So they didn’t talk about it. They didn’t talk about much of anything for the next few days. They left Paris for Barcelona, and Kit was still prepared with his constant stream of things to do—walking tours, museums, parks, cathedrals—and Ronan either had no idea that anything was wrong, or possessed more tact than Nita had suspected and was just not bringing it up. She’d been frustrated when he had first invited himself along, but now he was mostly a source of relief. He was the perfect buffer, cutting the tension with a joke or keeping the conversation going when it faltered.

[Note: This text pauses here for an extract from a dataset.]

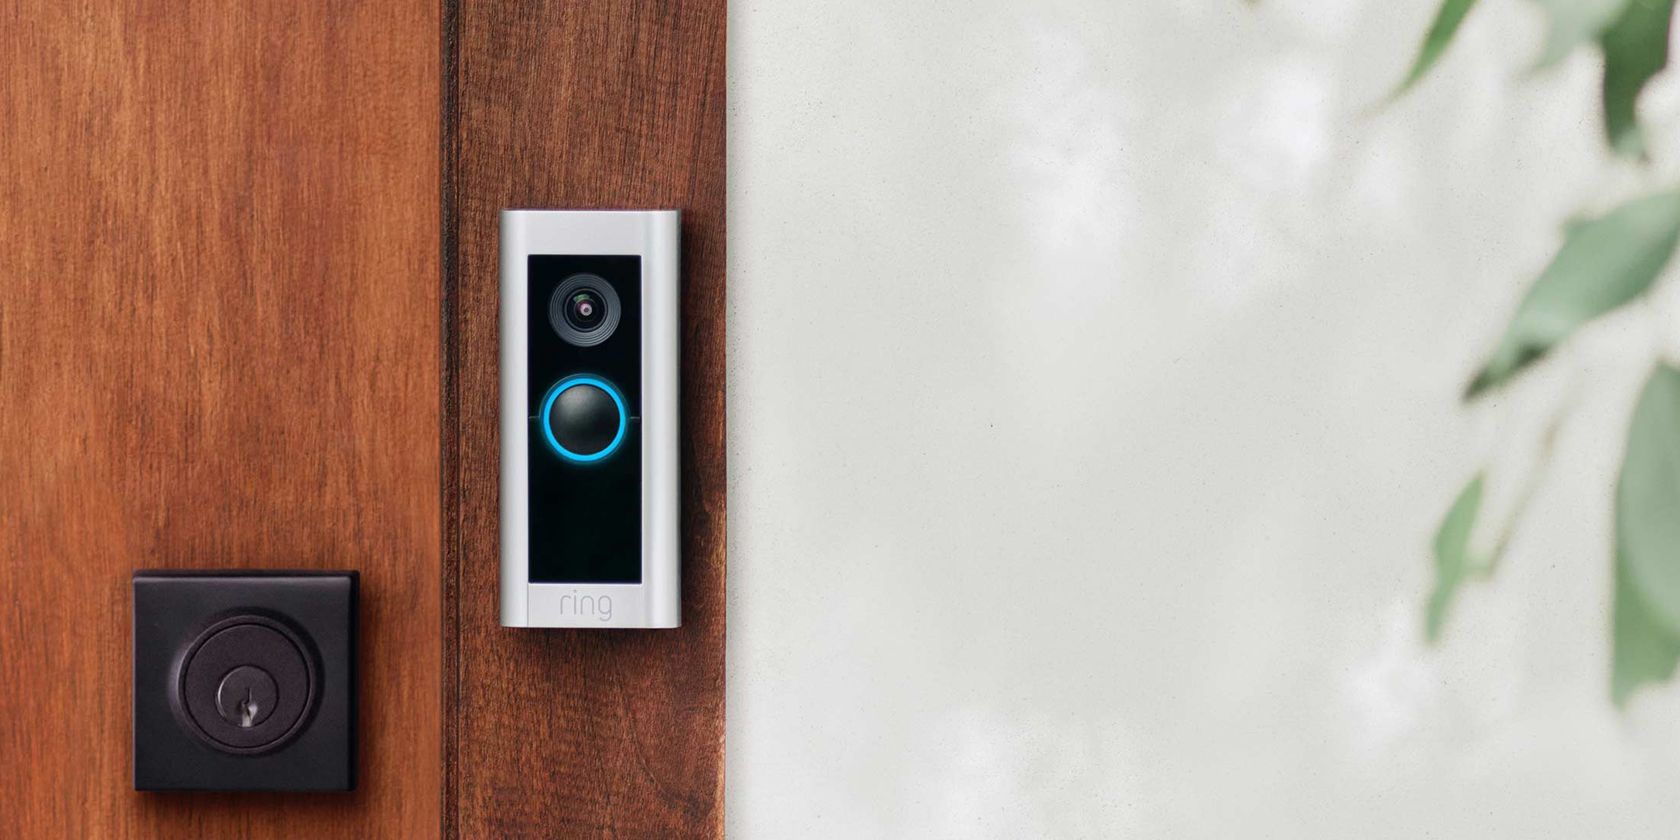 Do Video Doorbells Really Prevent Crime?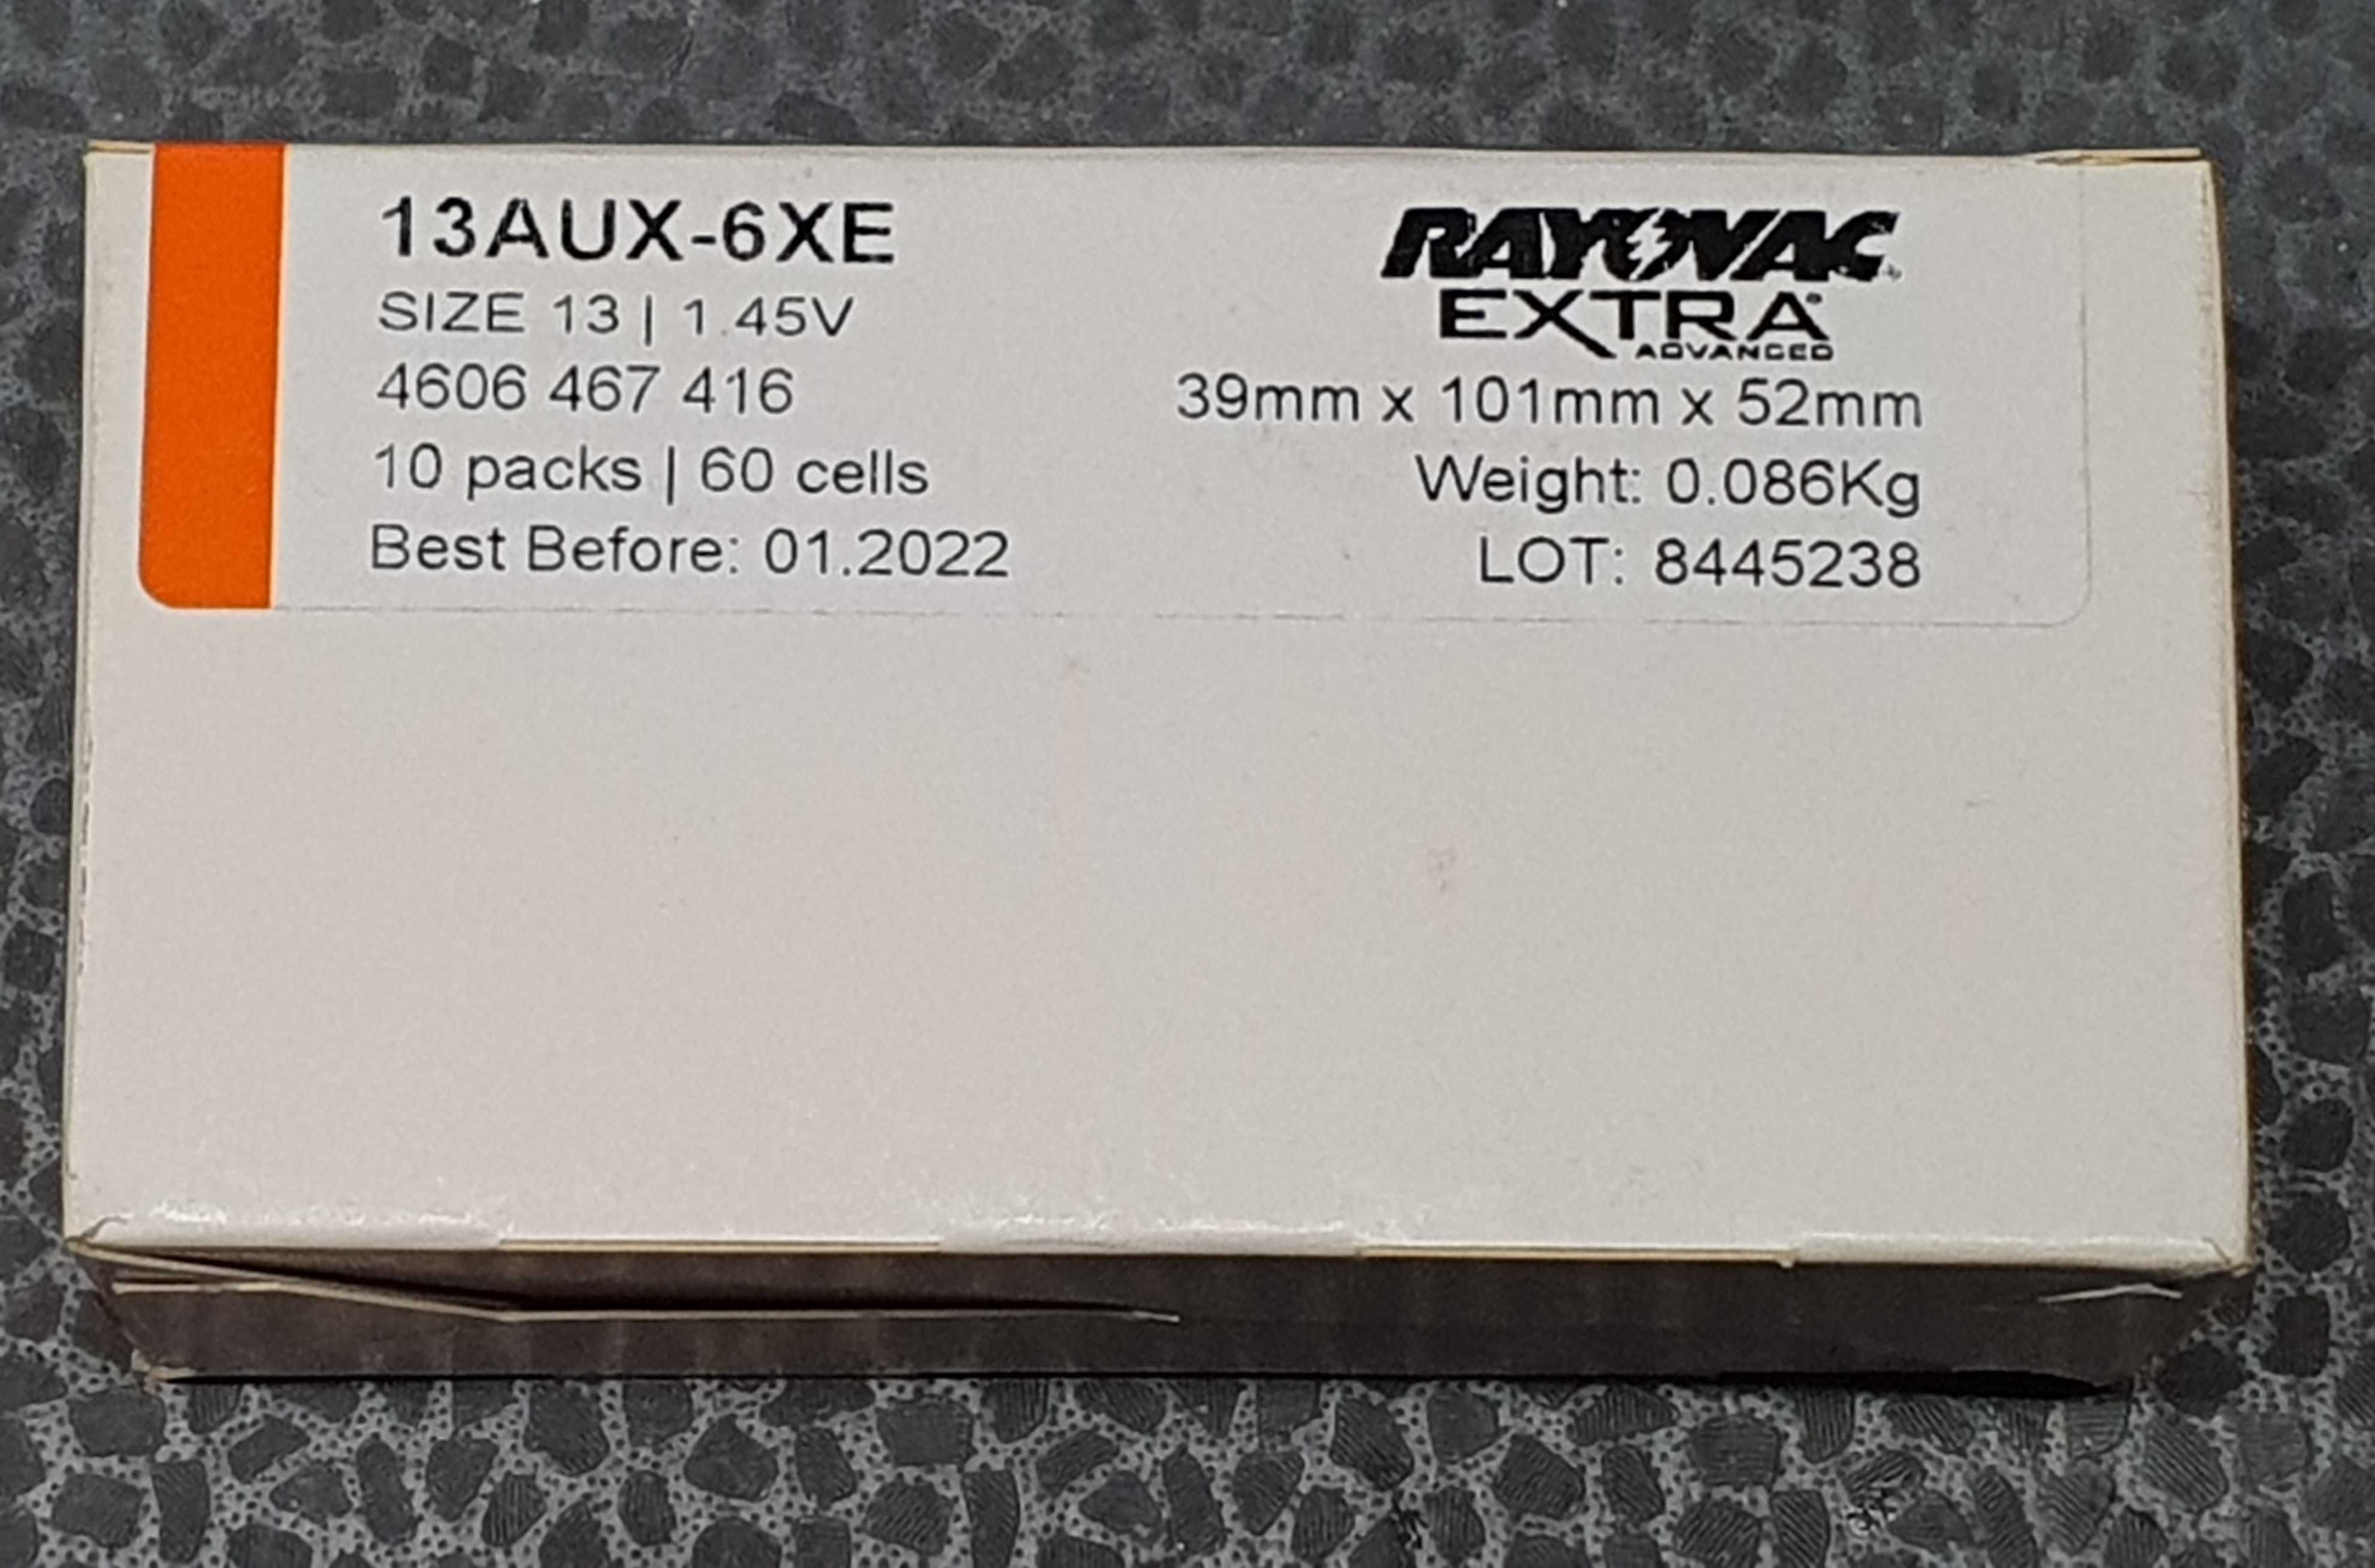 Baterie słuchowe bateria słuchowa RAYOVAC PR48 13AUX-6XE 60 szt.

But there were times when having him with made things more difficult. There were only so many trains that would accept both Ronan’s Interrail pass and Kit and Nita’s Eurail passes, and much to everyone’s frustration (except, it seemed, Ronan’s), the next leg of their journey—which would land them in Berlin—would take over twenty-four hours of train travel, not to mention several hours’ worth of stopovers in certain cities along the way.

Their first train left Barcelona a little after 5AM, and Nita thought the best idea would be to turn in early the night before, but Ronan had other plans.

“What’s the point in sleeping?” he said. “You can sleep on the train. What you can’t do on the train is get out and experience the Barcelona nightlife!”

Kit shrugged. “Your choice,” he said, “but if you’re late, we’re taking the train without you.”

“Oh, come on, Kit!” Ronan said. “Come out for a drink!”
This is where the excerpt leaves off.